I understand I'm an absolute stranger. Who gives a damn about what I have to think? My only hope is that after reading one fan's fanatic praise for Birdman, you will go and see it. In the interest of not over-hyping this movie (which many will feel I'm about to do), I will say it's nothing short of utterly amazing. Every aspect of the film is masterfully crafted and executed. Emmanuel Lubezki's cinematography only exemplifies this. The brilliant choice of always having the camera rolling lets the viewer see what happens before and after any given event. This added information creates a realism unknown to nearly every other movie ever made. What better way to capture the raw emotion and awkward stumbling of an angry outburst at your father than to show the immediate reaction of the ranter following her outburst; you get to see the anger slowly fade from her face as the reality of what she said sets in.
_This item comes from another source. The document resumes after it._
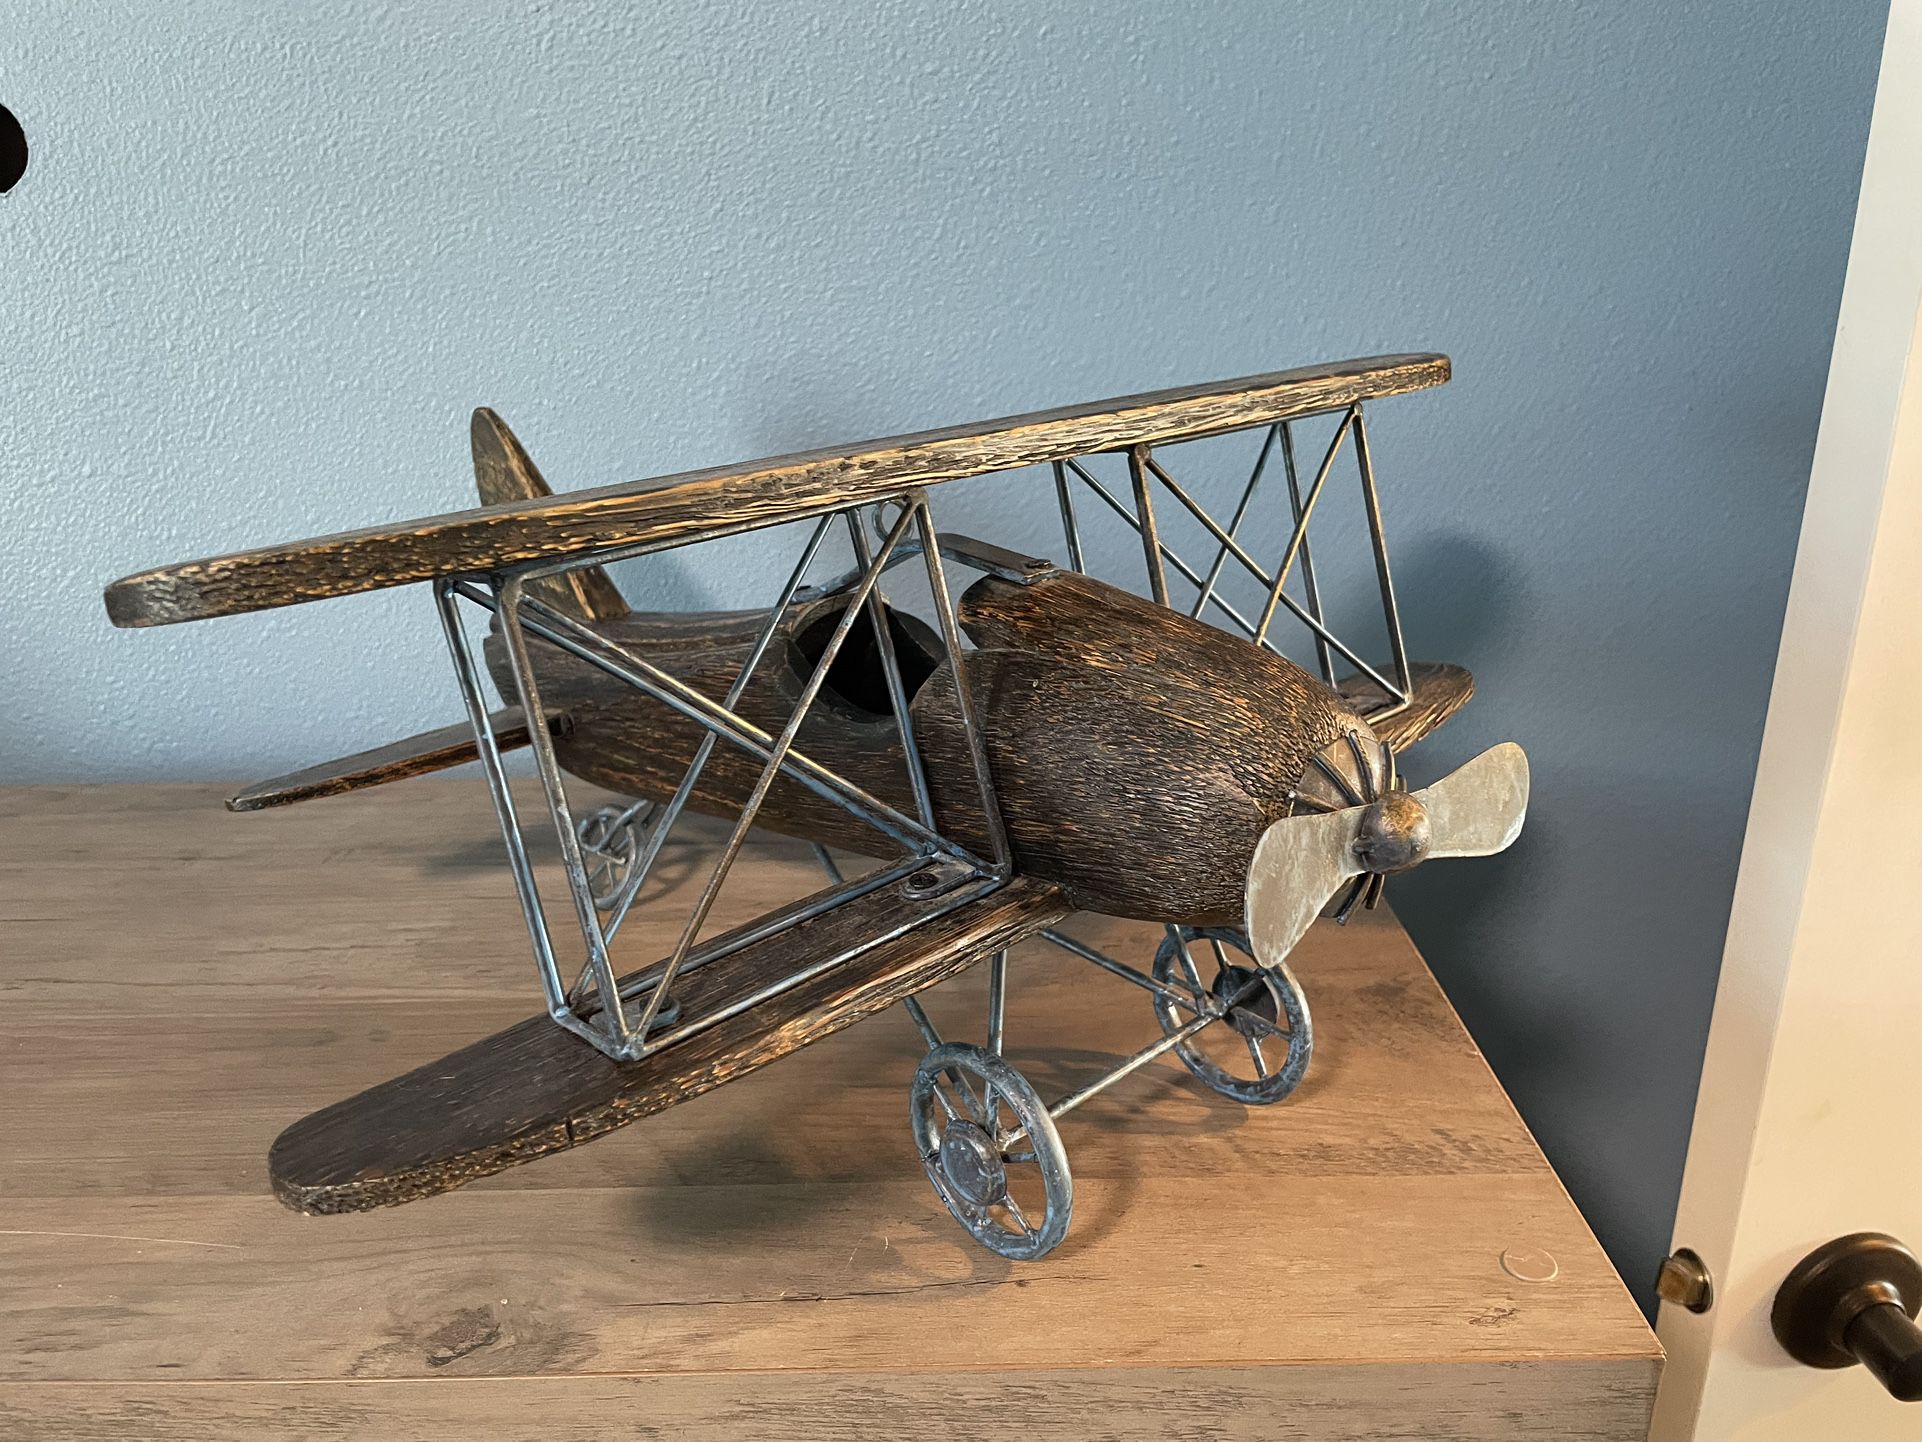 Antique Airplane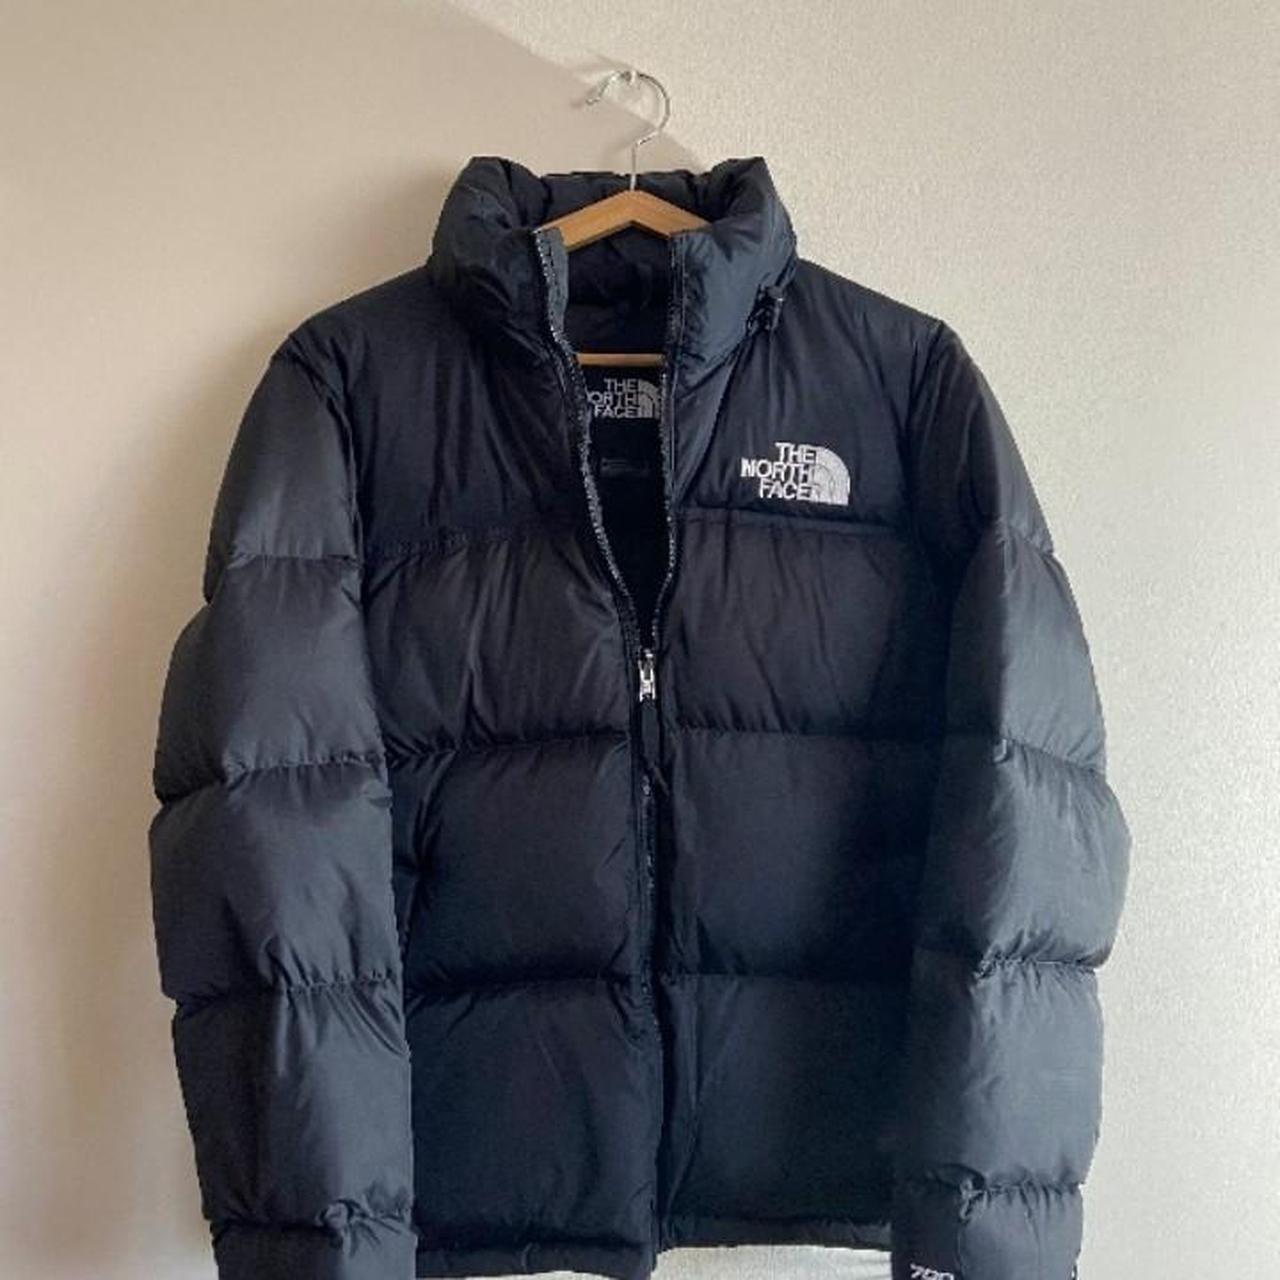 North Face 1996 Nupste 700 Puffer Jacket 📲 ig:... - Depop

Details like this are so often lost and these often- lost, immersive subtleties are what make Birdman the gargantuan triumph it is. Not to mention some of the transitions and dolly shots are just damn impressive.
Even though many movies are yet to come out this pre-Oscar season, I feel it is safe to say no other casting ensemble will come close to the performances given in Birdman. Michael Keaton, Zach Galifianakis, Emma Stone, Ed Norton, Amy Ryan, and every single other actor in the production execute their roles with professionalism that most movies are lucky to see in just one of their actors. Each actor didn't wait for their time to shine to pull out the big guns; every moment of screen time was utilized to its full potential. There isn't a second where the audience's immersion is broken by an awkwardly delivered line or a slightly out-of-place facial expressions or emotion.
The only criticism I have about the film is that more aren't like it. A smart, satirical movie that is capable of criticizing without being hypocritical is unfortunately rare. However, it's rather nice to have movies like this stand out from the crowd instead of being the norm, because the relative quality only makes them that much better.
So, in short, I implore you. I beg you. If you step into a movie theater once this year, let it be to watch this film. It deserves your attention.